### AIM OF THE EXERCISE:
A picture-free, exact reproduction of the listing that follows is required.

### RECORDED INFORMATION:
========================

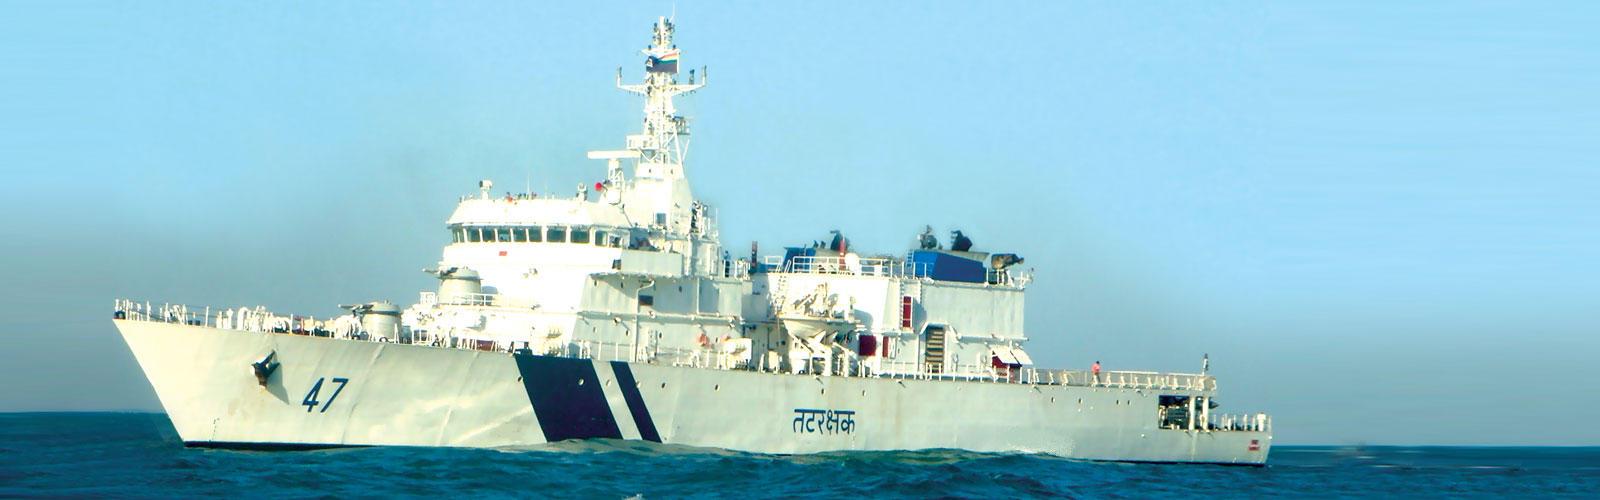 105 M. Advanced Offshore Patrol Vessel
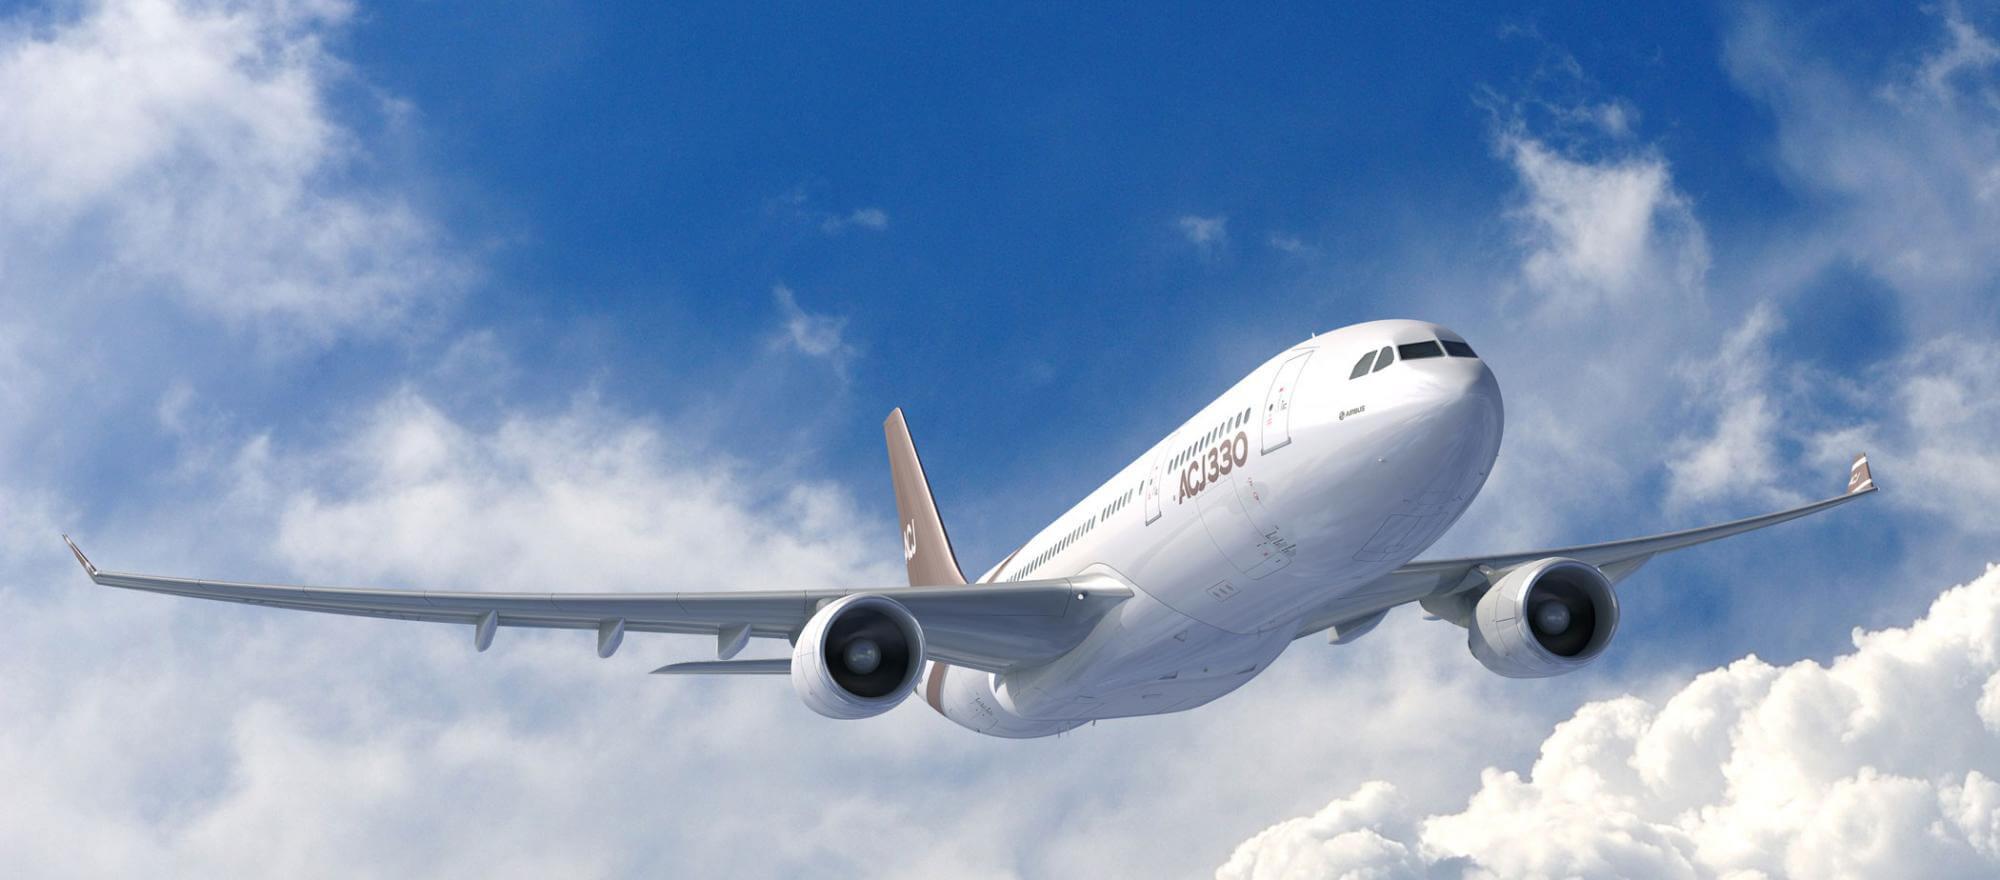 airbus acj330 aircraft
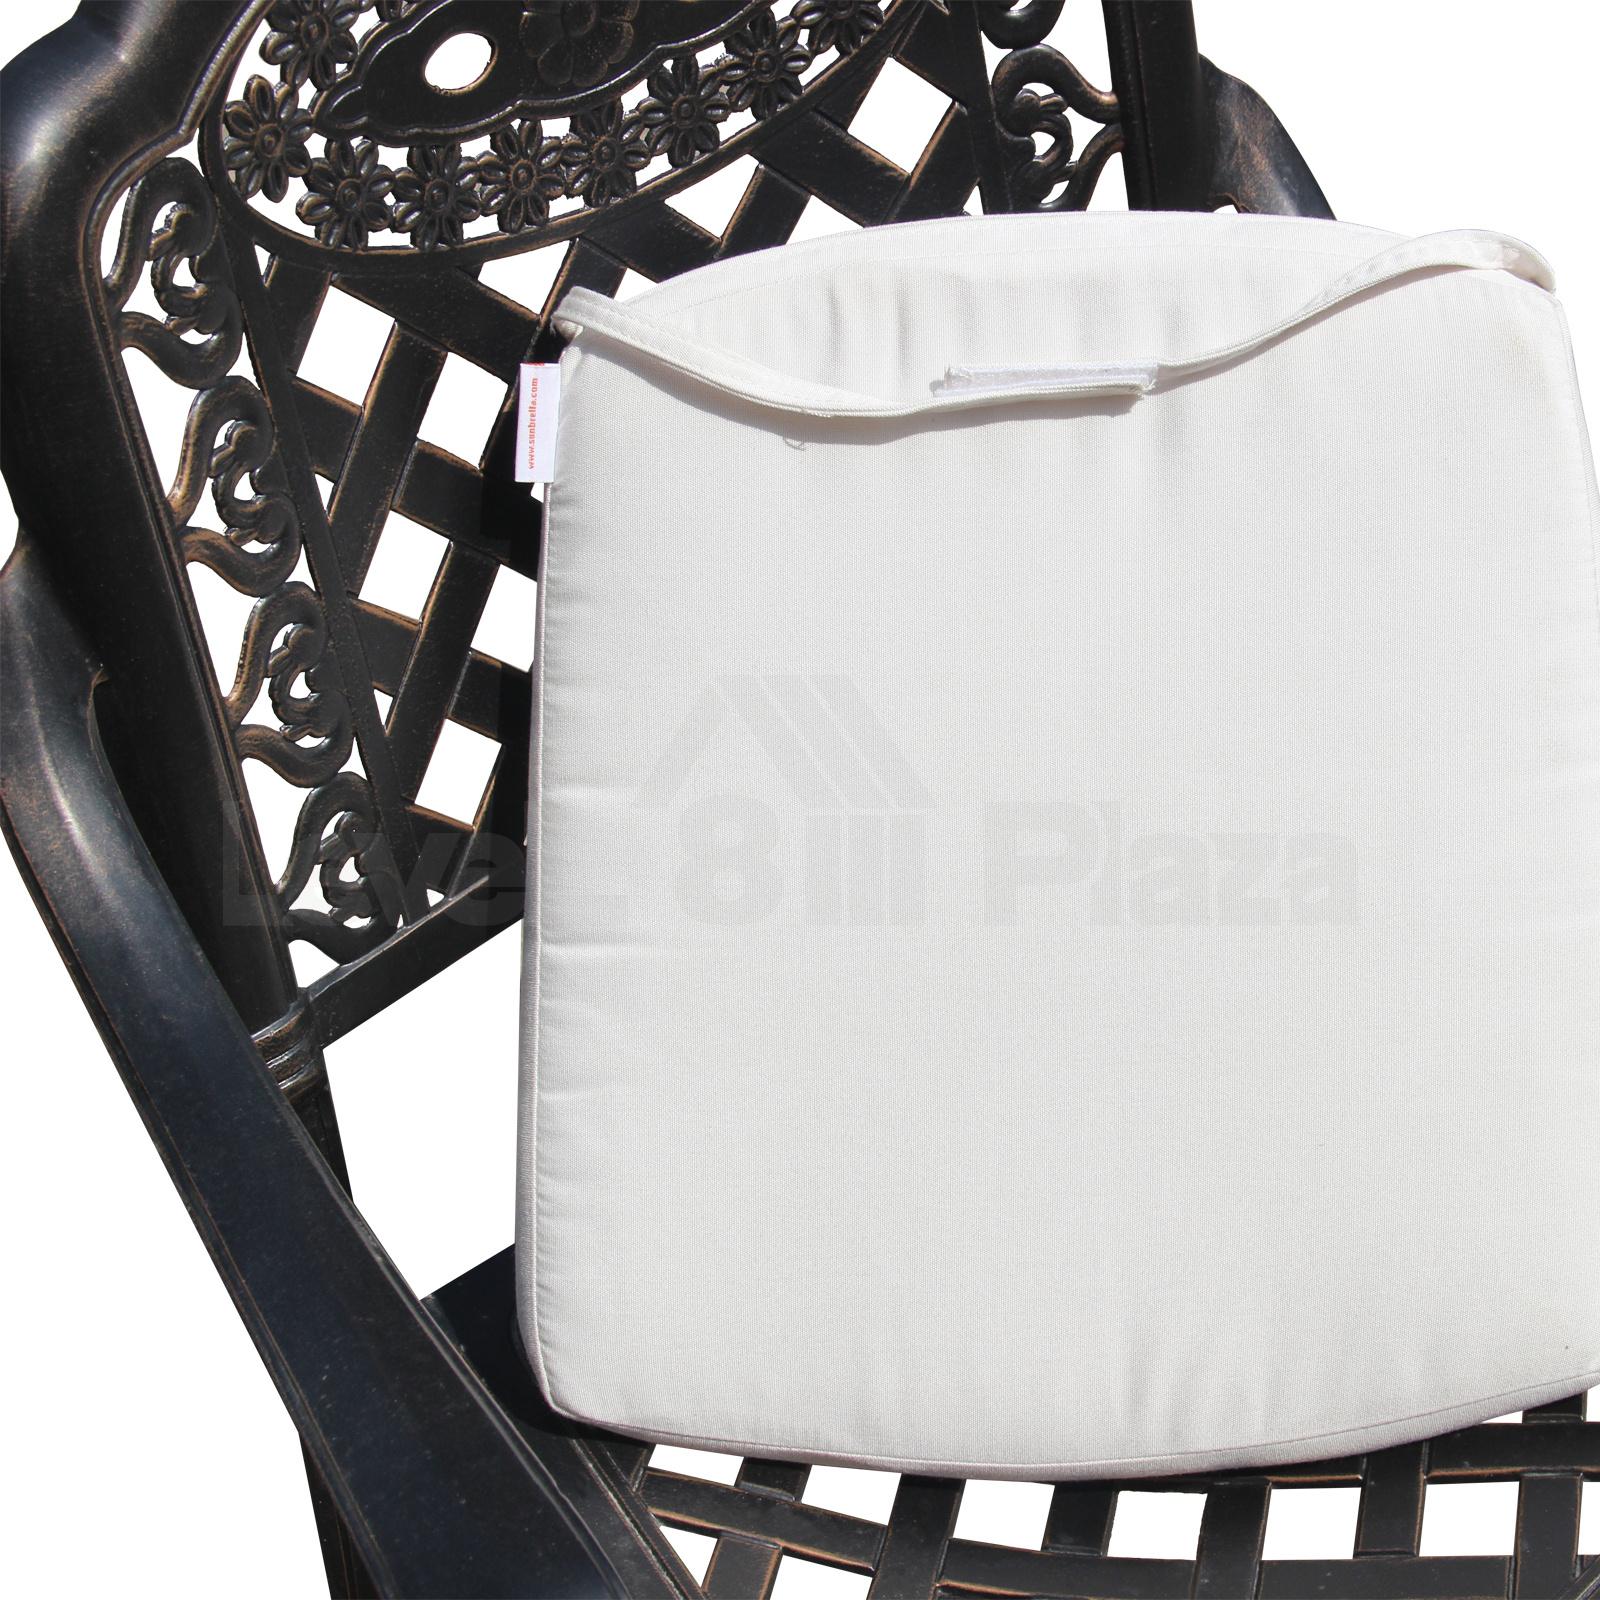 New Sunbrella Outdoor Chair Cushion Tie On Patio Seat Pad

========================

### WRITTEN RESPONSE:
 105 M. Advanced Offshore Patrol Vessel
 airbus acj330 aircraft
 New Sunbrella Outdoor Chair Cushion Tie On Patio Seat Pad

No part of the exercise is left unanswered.